§ **Collected data**
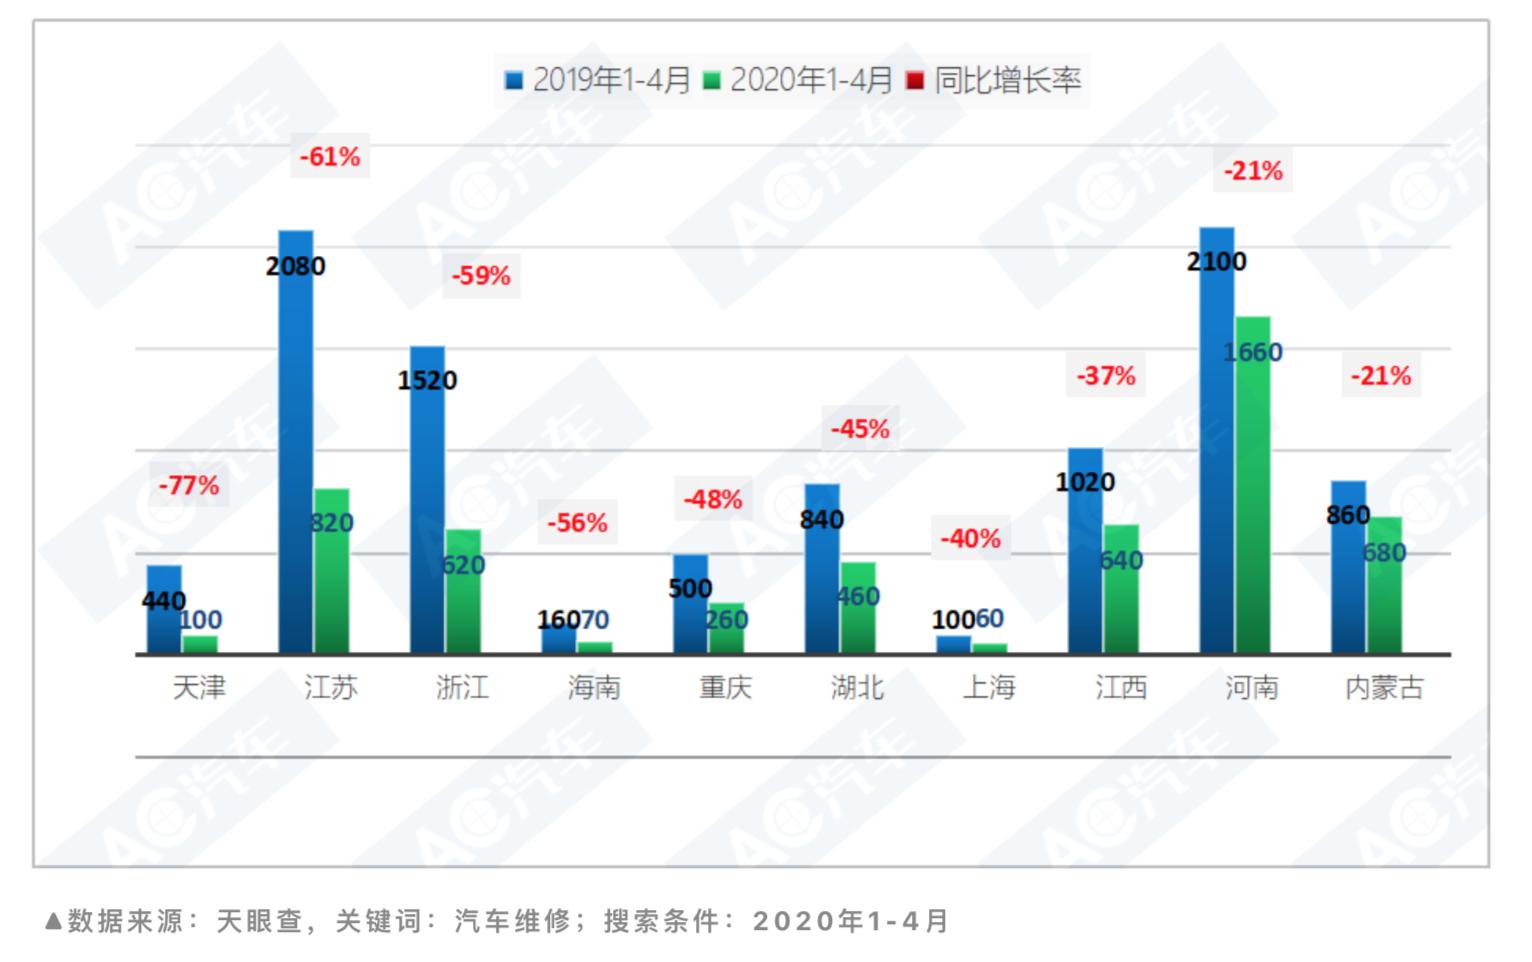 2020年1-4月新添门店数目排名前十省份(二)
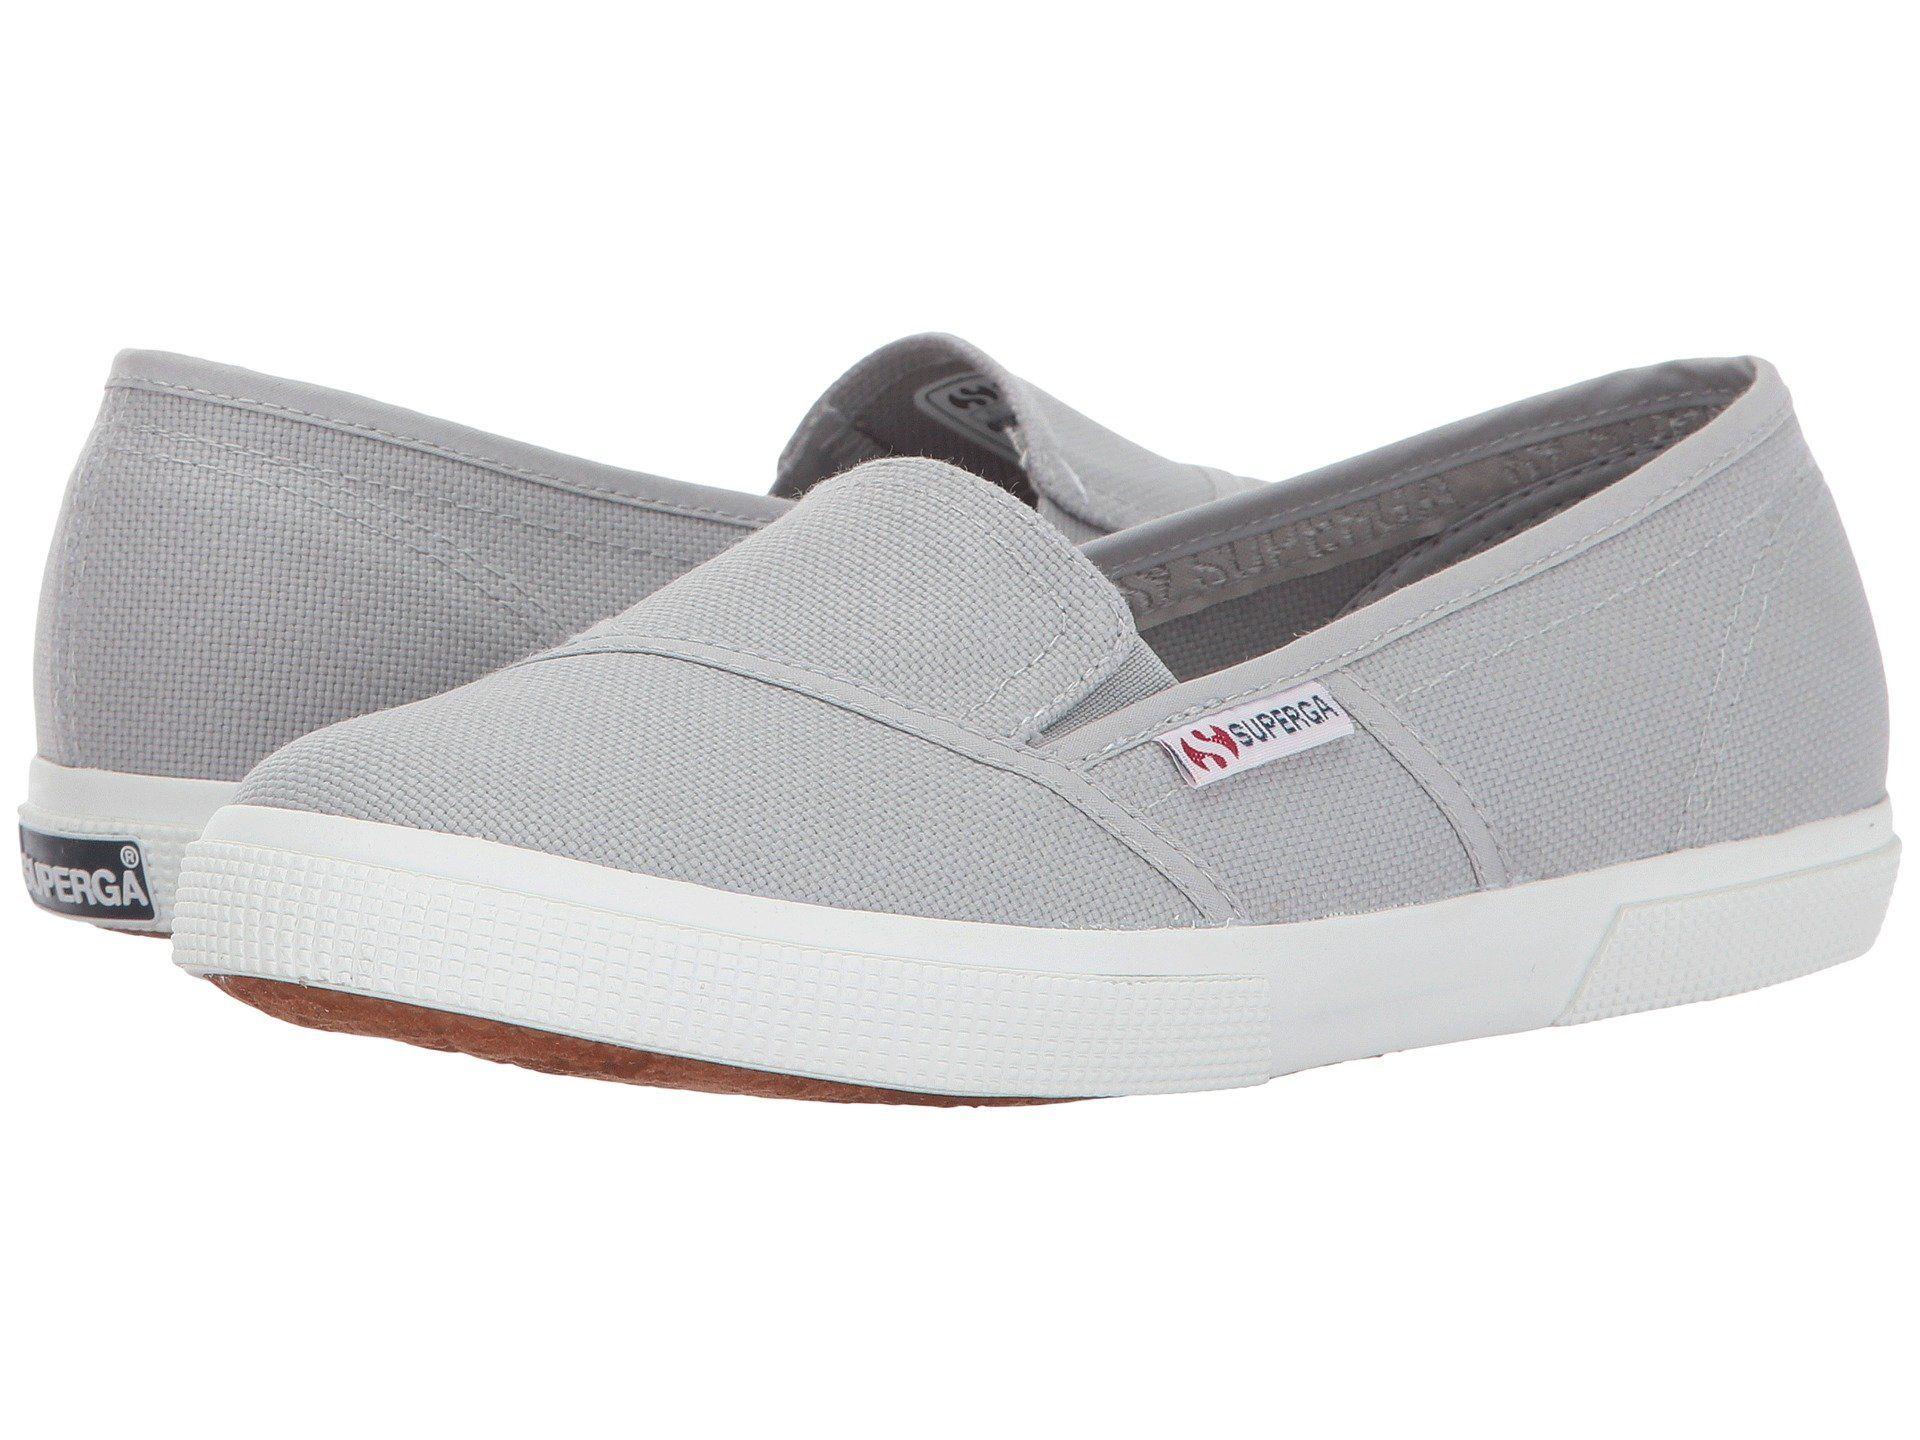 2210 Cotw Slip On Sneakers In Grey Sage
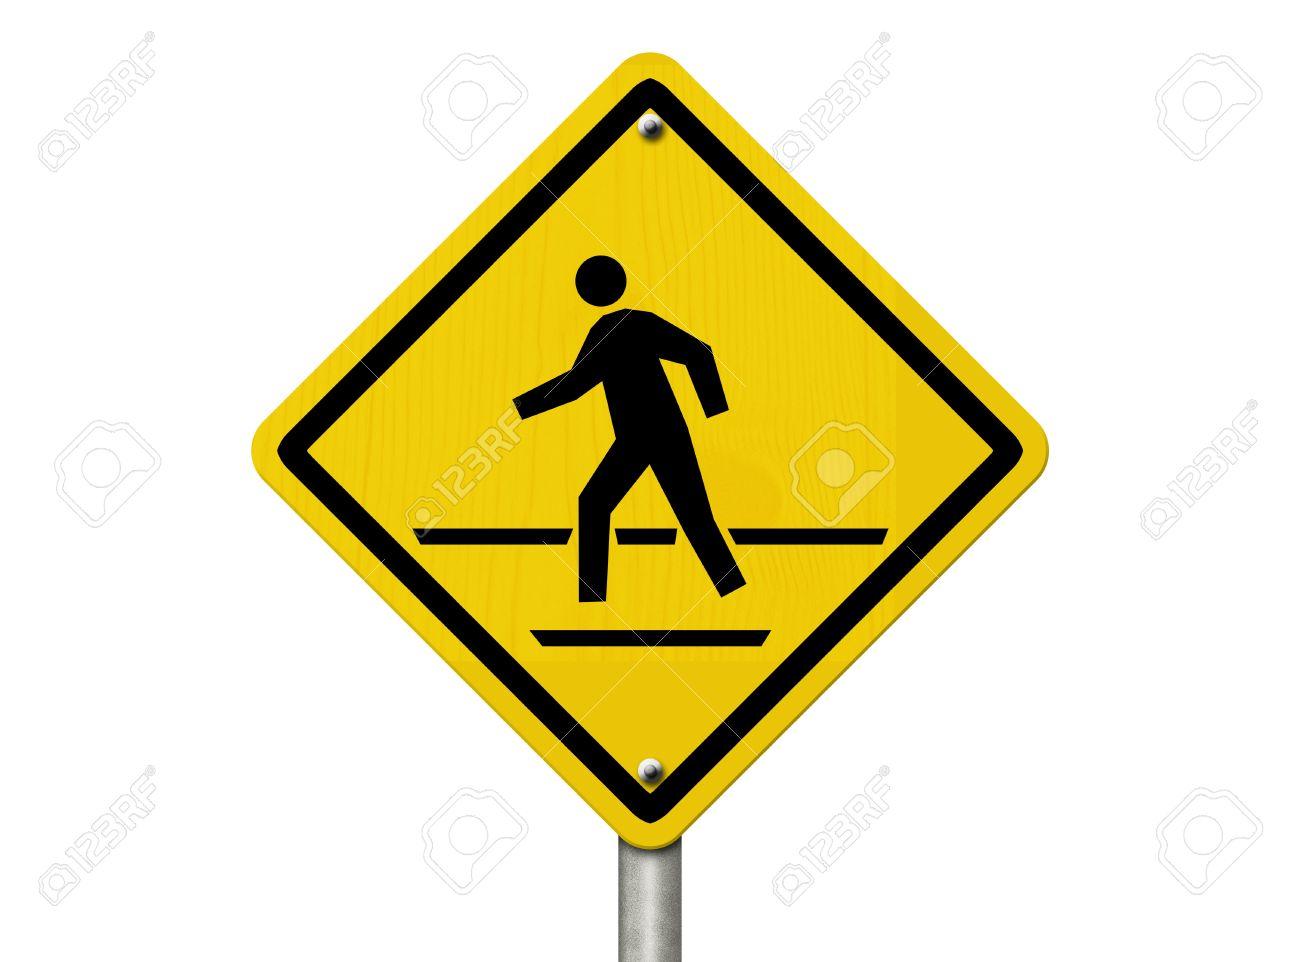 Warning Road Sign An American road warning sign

§ **What you need to do**
Exact repetition of each line above is expected; images are to be omitted.

§ **Task result**
 2020年1-4月新添门店数目排名前十省份(二)
 2210 Cotw Slip On Sneakers In Grey Sage
 Warning Road Sign An American road warning sign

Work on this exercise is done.